GIVEN MATERIAL Block Start

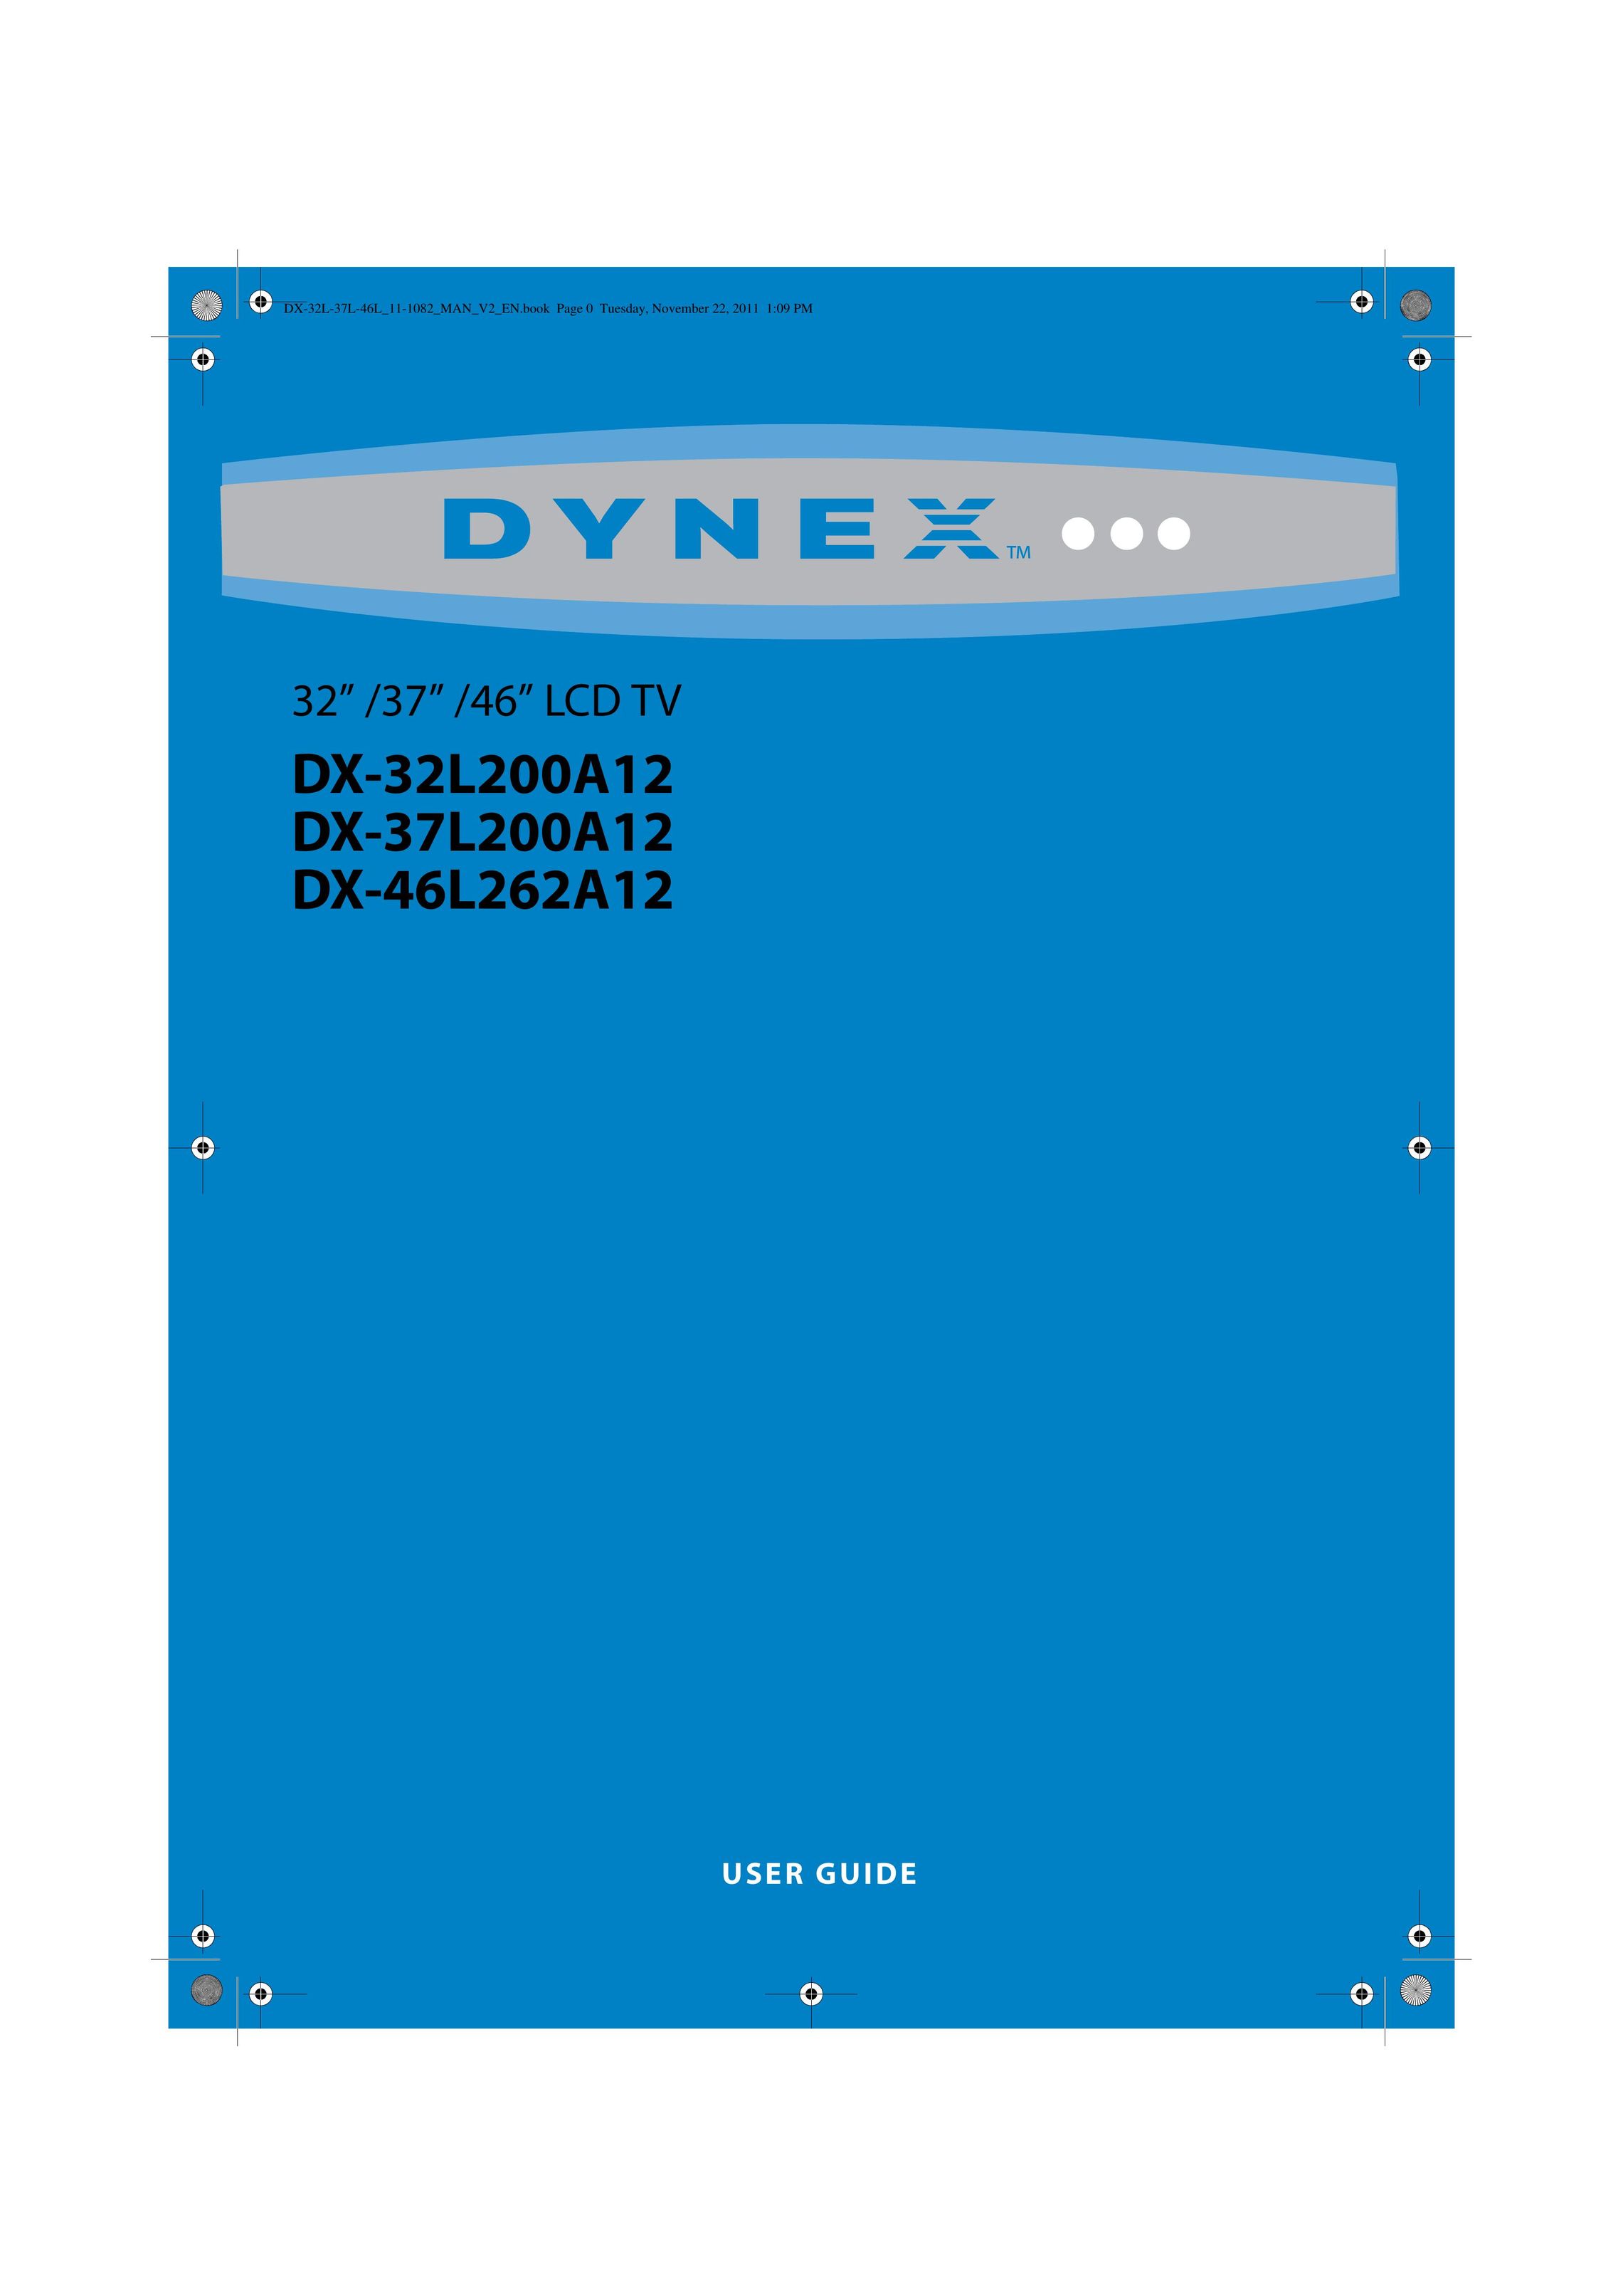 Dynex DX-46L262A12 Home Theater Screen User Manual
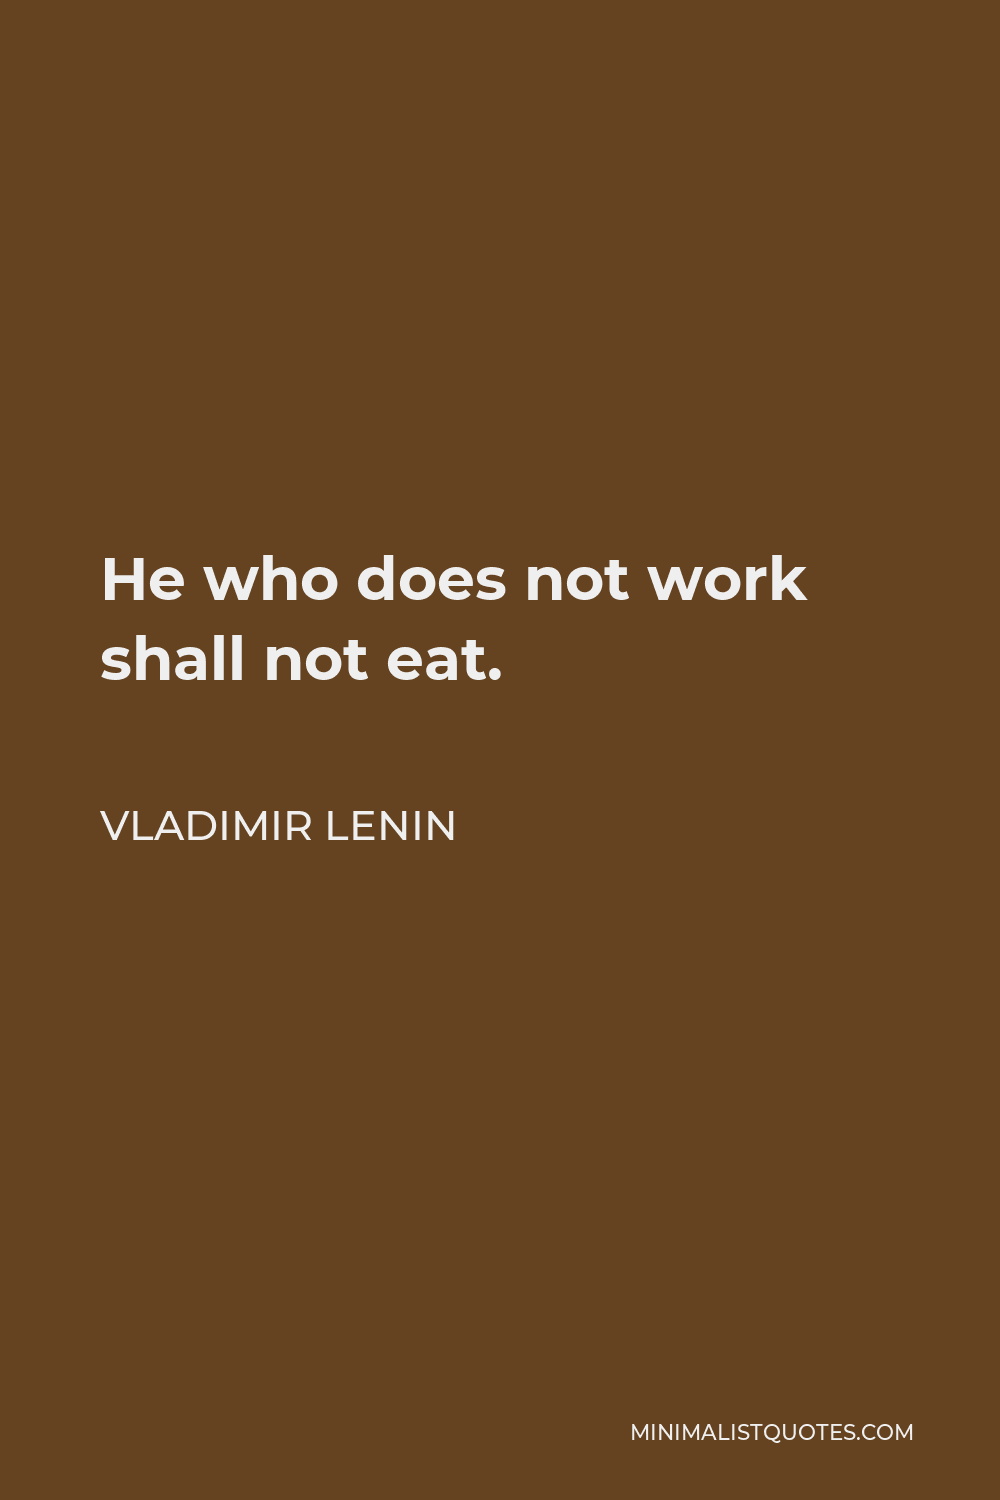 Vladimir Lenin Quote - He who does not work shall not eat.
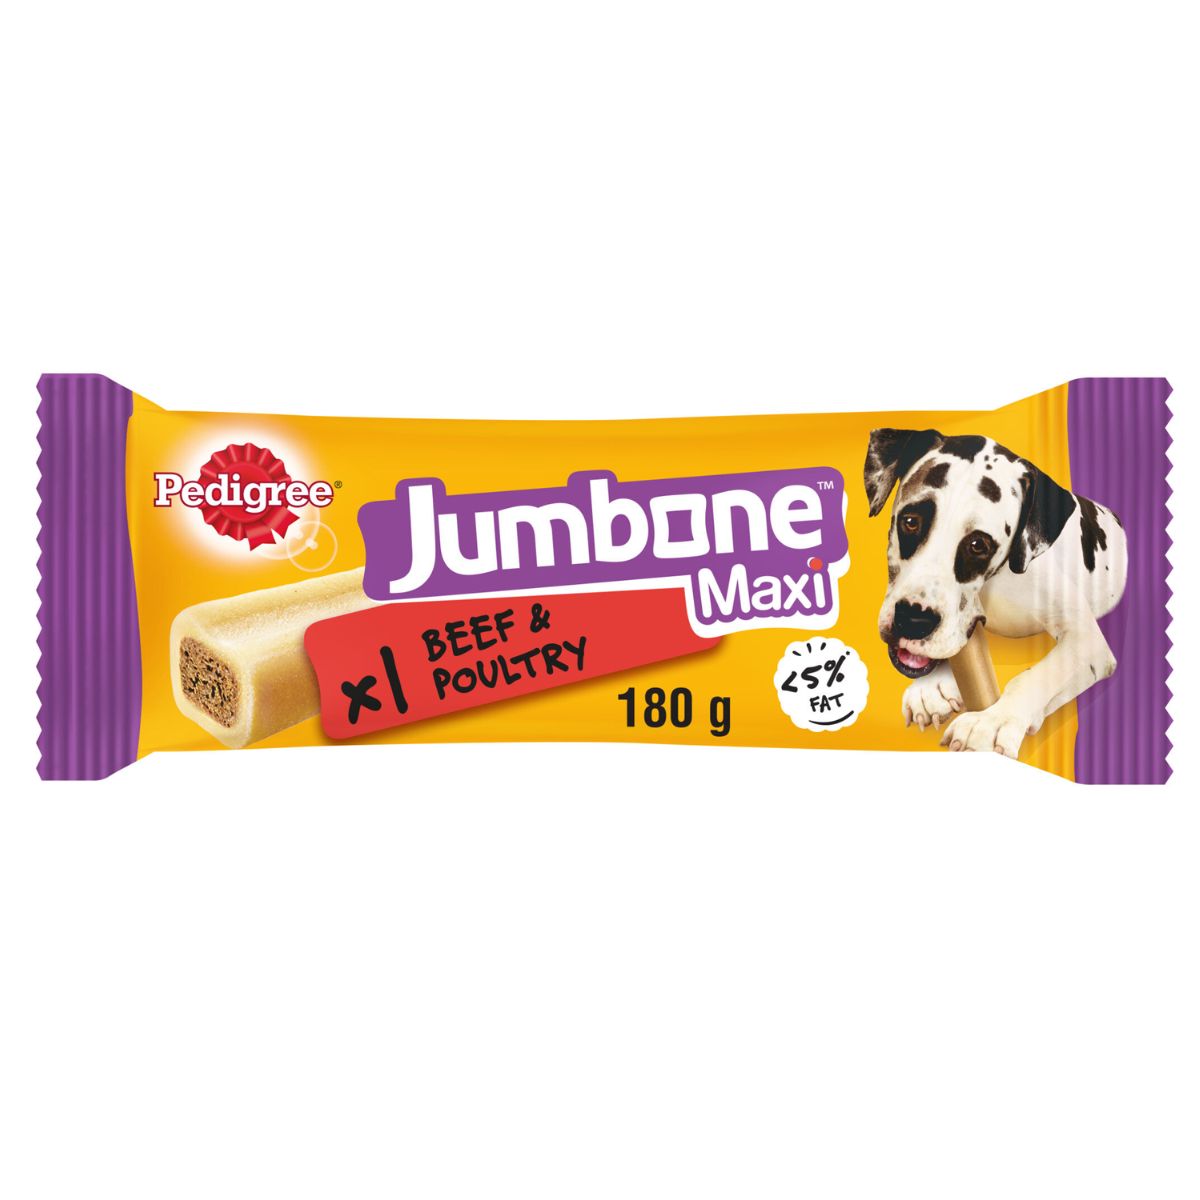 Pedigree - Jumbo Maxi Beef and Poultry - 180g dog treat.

GIVEN MATERIAL Block End

▶ [DIRECTIONS FOR THIS TASK] A word-for-word repeat is expected of the lines from the one with "Vladimir Lenin Quote" to the end of the data, both included; pictures are not part of it.

▶ [SOLUTION TO THE EXERCISE]
 Vladimir Lenin Quote - He who does not work shall not eat.
 Pedigree - Jumbo Maxi Beef and Poultry - 180g dog treat.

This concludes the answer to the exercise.